La République démocratique du Congo a approuvé le 10 juillet 2026 un partenariat stratégique avec le groupe portugais Mota-Engil pour réhabiliter 450 kilomètres de voie ferrée dans le cadre du Corridor de Lobito. Avec 753 millions de dollars de financement déjà bouclés et une réduction attendue de 30 % des coûts logistiques, ce chantier redessine les flux d'exportation du cuivre et du cobalt congolais.
Un corridor ferroviaire continental
Le Corridor de Lobito relie le port angolais de Lobito — sur la côte atlantique — aux provinces minières du Katanga, en RDC. Le tronçon RDC (450 km) traverse Kolwezi, Tenke et Lubumbashi jusqu'à la frontière zambienne. Le projet total, incluant le segment angolais (1 300 km déjà réhabilité), représente un des plus grands investissements en infrastructures ferroviaires d'Afrique de la décennie.
L'Africa Finance Corporation (AFC) a bouclé en juillet 2026 un financement de 753 millions de dollars pour la section angolaise. La US International Development Finance Corporation (DFC) s'est engagée jusqu'à 553 millions de dollars pour la portion RDC, avec l'appui supplémentaire de la Banque mondiale (500 millions), de la Banque africaine de développement, et de l'Union européenne via Global Gateway (116 millions d'euros).
-30 % sur les coûts logistiques : la donnée qui change tout
Aujourd'hui, les minéraux congolais empruntent majoritairement la route du sud vers le port de Durban (Afrique du Sud) — un trajet de 25 jours. Via Lobito, le transit tomberait à 7 jours jusqu'à l'Atlantique, soit une réduction estimée de 30 % des coûts logistiques selon les projections du projet. Un avantage compétitif décisif pour les mines de cuivre, cobalt, zinc et lithium du Katanga.
La RDC est le premier producteur mondial de cobalt — le matériau clé des batteries de véhicules électriques — et le deuxième producteur de cuivre après le Chili.
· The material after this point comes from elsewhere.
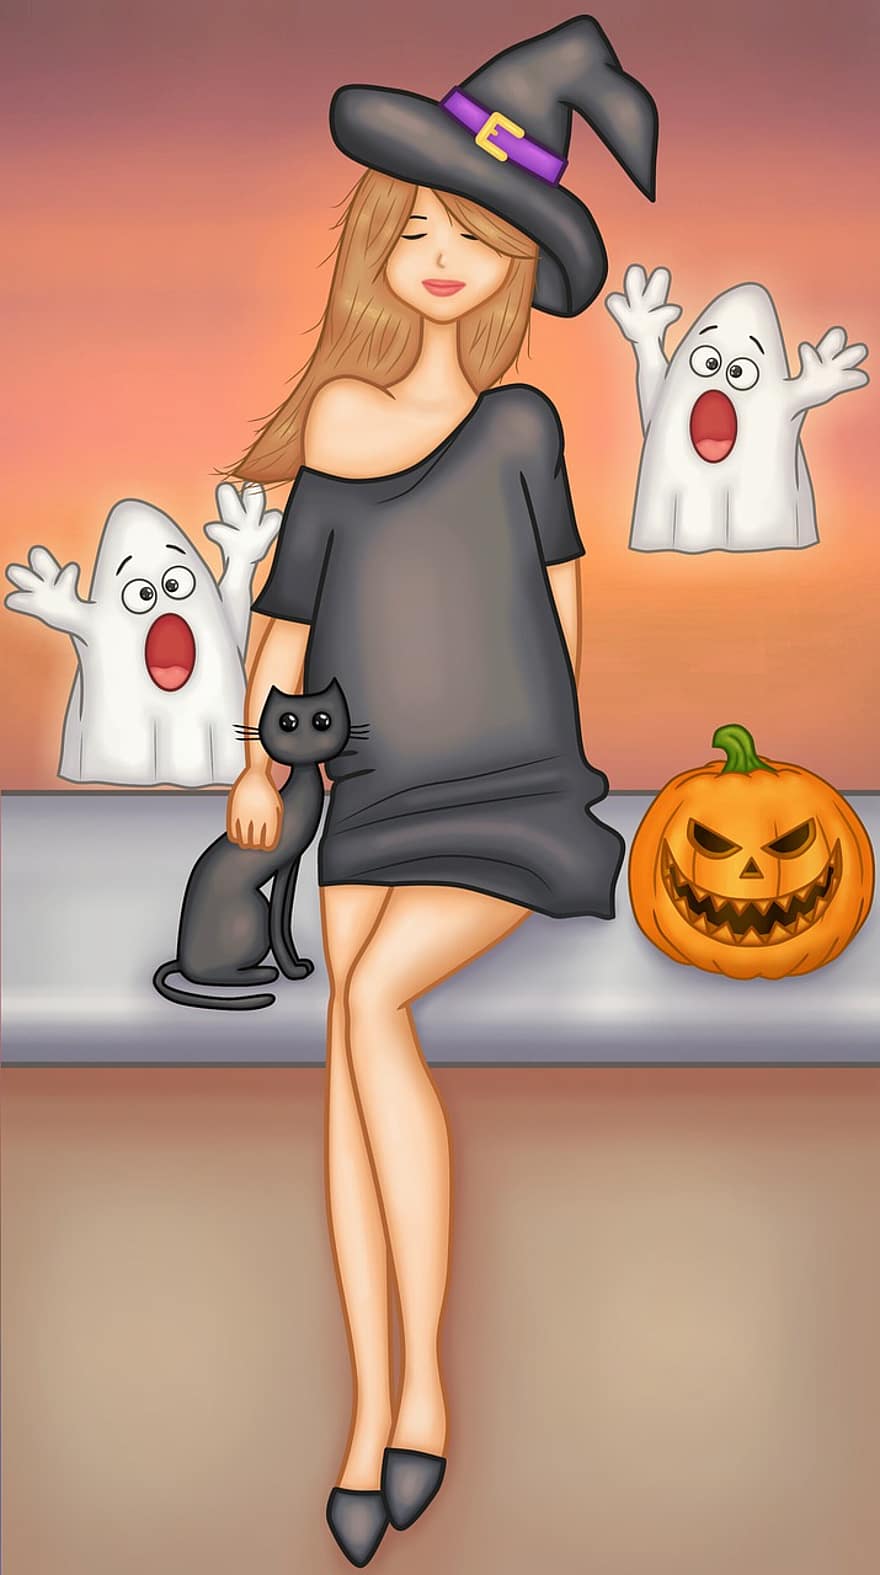 kvinne, heks, halloween, kostyme, gresskar, spøkelser, katt

Le plan de montée en charge prévoit de faire passer le trafic de 12 à 20 trains hebdomadaires d'ici 2027.
Un partenariat sur mesure avec Mota-Engil
Mota-Engil, groupe de BTP portugais, s'impose comme le contractant EPC (Engineering, Procurement, Construction) principal pour la réhabilitation du tronçon RDC. Il travaillera en co-investissement avec le groupe Trafigura (négoce de matières premières) et Vecturis SA (spécialiste belge de la gestion ferroviaire). La SNCC, compagnie nationale des chemins de fer du Congo, reste l'opérateur public partenaire.
Le Cabinet congolais a validé la concession le 10 juillet 2026. Les travaux de grande envergure sont attendus au T4 2026. Le tronçon avait été interrompu en avril 2026 par des inondations ; le trafic fret a repris depuis.
Pourquoi c'est important
Le Corridor de Lobito positionne l'Afrique centrale et la RDC au cœur des chaînes d'approvisionnement mondiales de la transition énergétique. Pour les pays de l'Océan Indien — qui commercent avec la RDC et dépendent des minerais africains — c'est une recomposition majeure des flux commerciaux transcontinentaux à surveiller de près.